Nada hay tan expresivo como una lengua viva. Las lenguas son entidades históricas que contienen las “vividuras” de los pueblos; fracasos y dolores, lo mismo que triunfos y alegrías. Todo va a parar a la lengua, como a un foso o archivo que registra y conserva la vida efectiva de las sociedades. Las lenguas guardan recuerdos de hambres, despotismos, abusos; también de bailes, comilonas y festejos. Los vocablos transmiten miedo, infunden valor; pueden ser tristes, sensuales o excitantes. Las palabras son pequeñas “biografías colectivas”. Por eso cuando una lengua muere y deja de usarse, los vocablos se arrugan como cáscaras de frutas expuestas al sol.
A menudo palabras muertas del latín o del griego antiguo, encuentran vida prestada en las lenguas modernas y echan a andar de nuevo.
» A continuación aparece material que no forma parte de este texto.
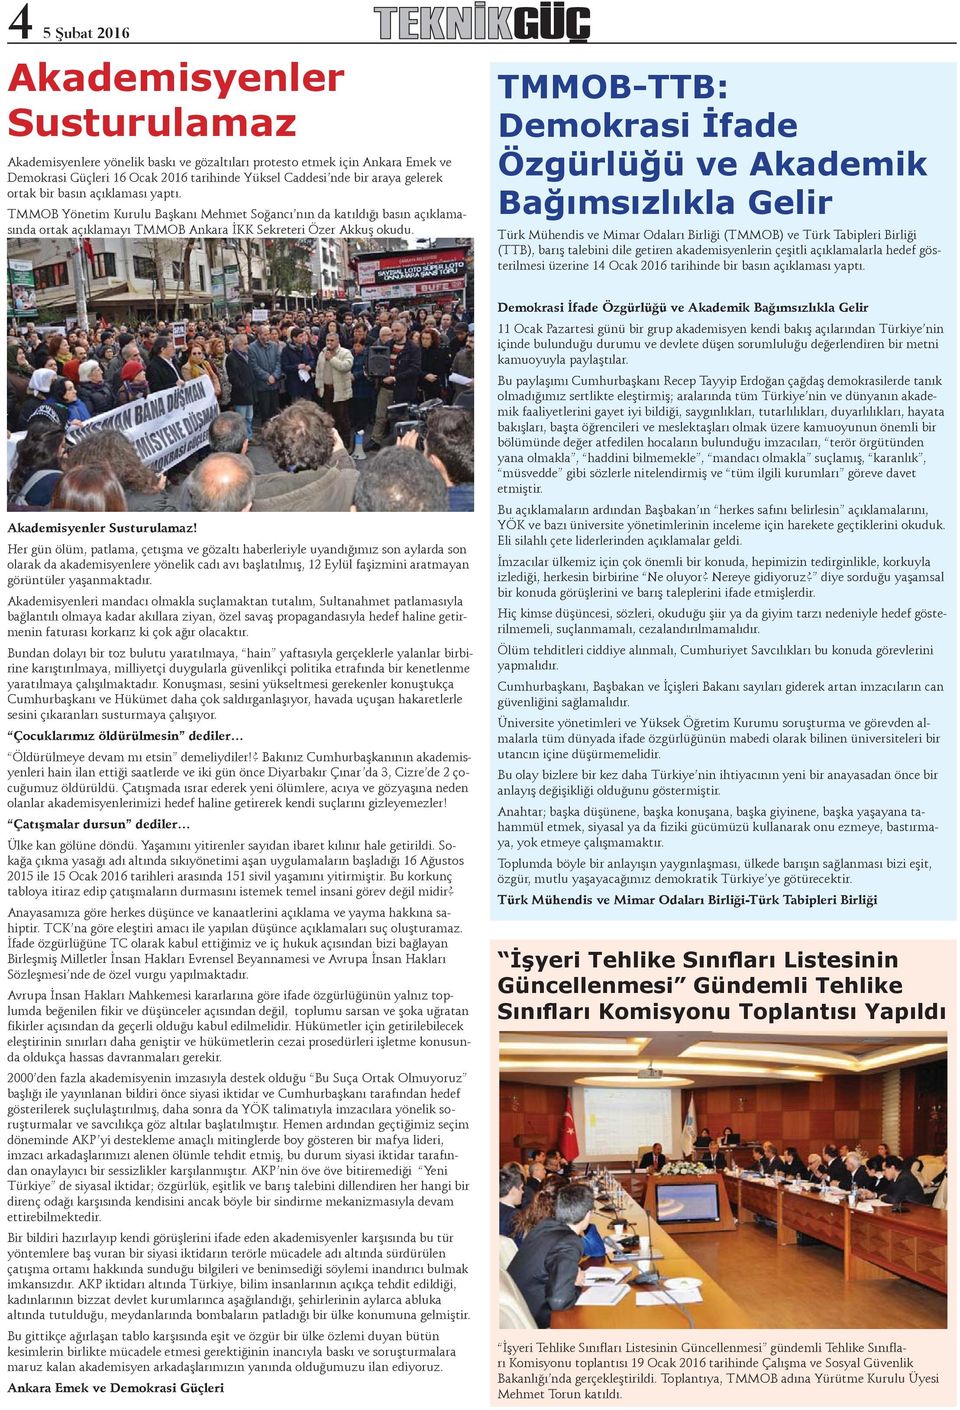 TMMOB-TTB: Demokrasi İfade Özgürlüğü ve Akademik Bağımsızlıkla Gelir Türk Mühendis ve Mimar Odaları Birliği (TMMOB) ve Türk Tabipleri Birliği (TTB), barış talebini dile getiren akademisyenlerin
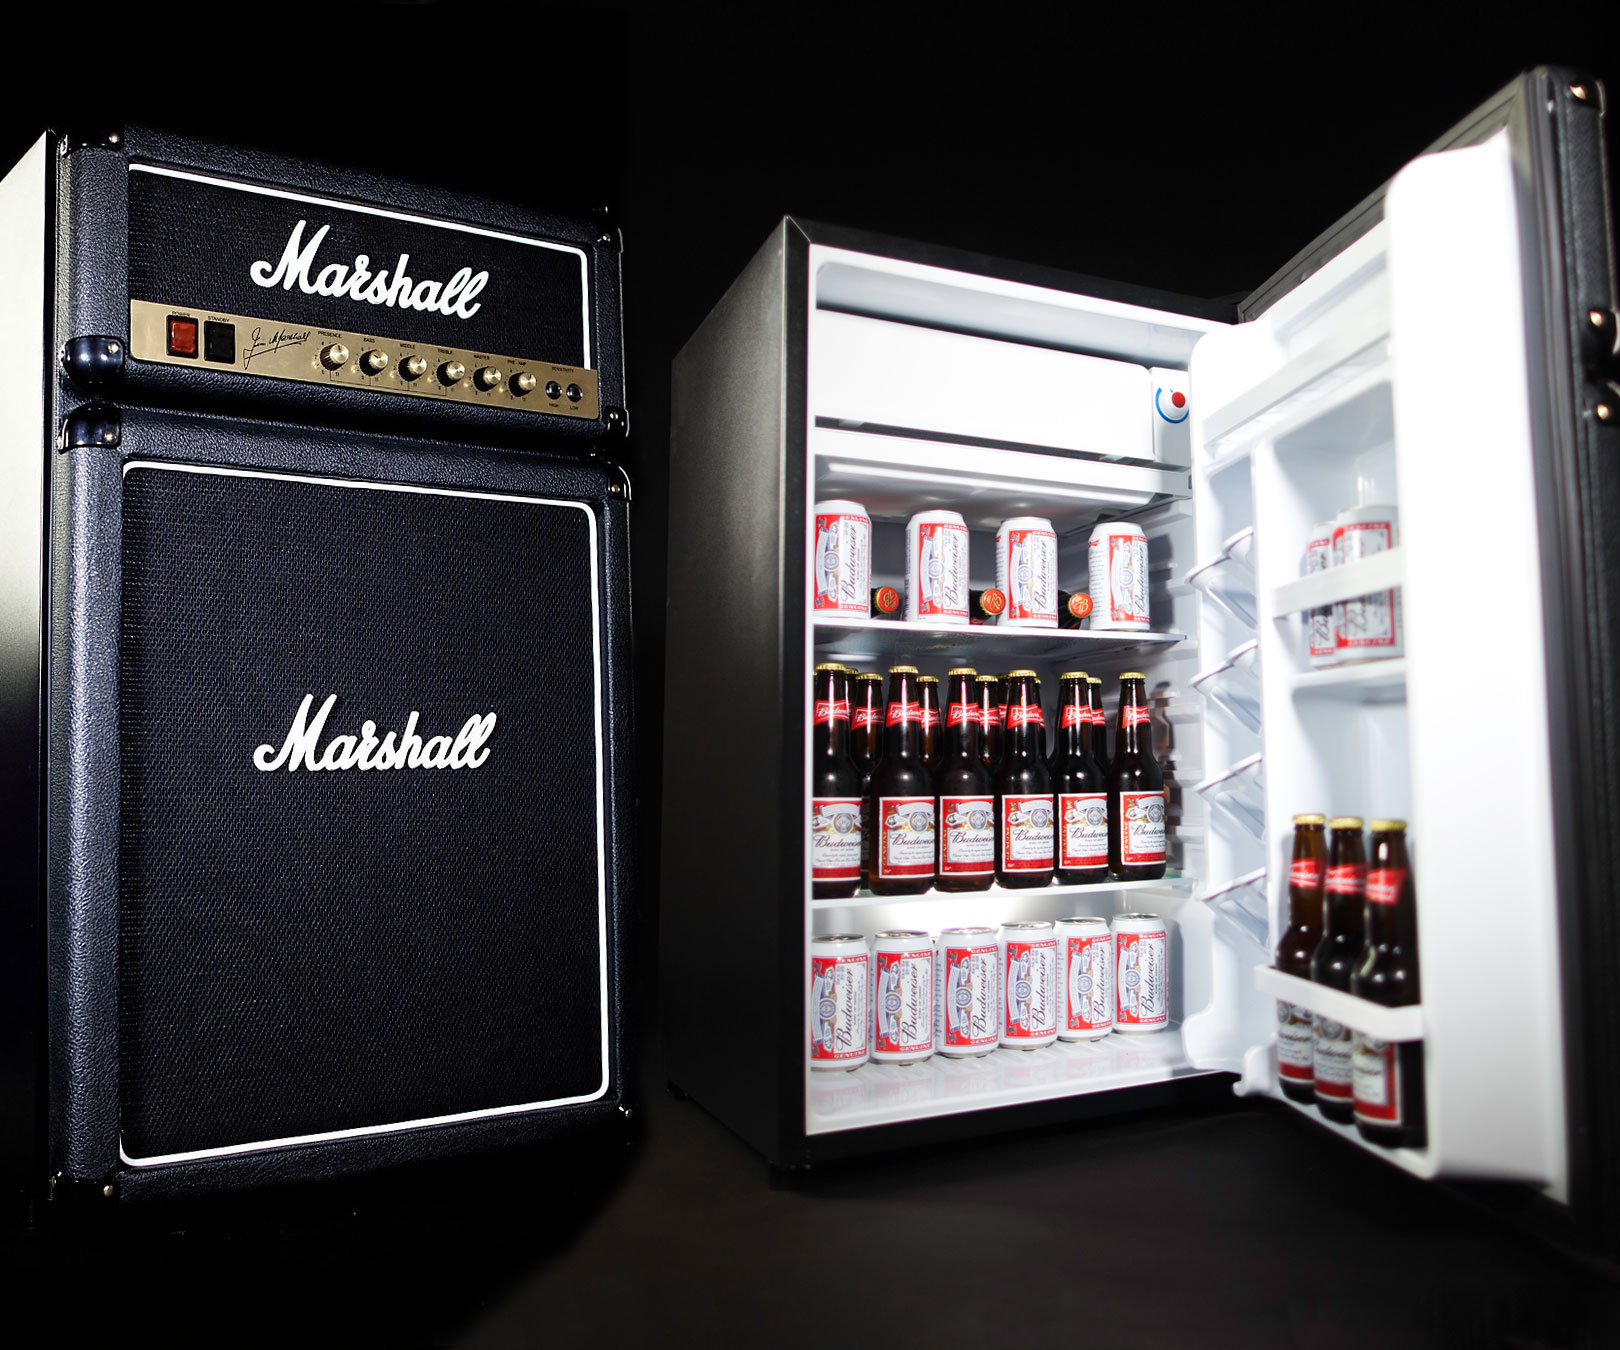 Marshall fridge

En estos casos la historia vieja, atrapada en las palabras, forma parte del significado añadido en esa segunda aventura lingüística. La poesía está supeditada a las resonancias que las voces producen en el alma de los hablantes. Por eso no puede haber poesía en esperanto. El esperanto fue concebido como una lengua universal… que no hablaba nadie; si todos llegaran a hablarlo, entonces seria “la lengua de la humanidad”. El lingüista polaco Lázaro Luis Zamenhof creó esta lengua, con raíces de muchas lenguas y una estructura sintáctica indoeuropea.
El esperanto es un “constructo”, una mentefactura hecha con la mejor buena fe, para promover la hermandad entre los hombres de todos los países, por encima de las diferencias de culturas e idiomas. Se han traducido al esperanto algunas obras de la literatura universal: el Quijote, la Divina Comedia; pero poesía en esperanto seria como decir política en abstracto. El tuétano de la política es su concreción ejecutiva; el de la poesía, la instantánea corriente emocional y significativa.
Esa corriente opera a base de participación vivencial. Se pueden traducir las Rimas de Bécquer al esperanto; producir poesía en esperanto es cosa poco menos que imposible. En esperanto no existe “el huevo de Colón”, ni “la carabina de Ambrosio”, ni la historia de Mambrú. El místico San Juan de la Cruz escribió: “¡Oh cautiverio suave!/ ¡Oh regalada llaga!”. Sin él, Miguel Hernández no hubiese escrito nunca “La regalada llaga de tu sexo”.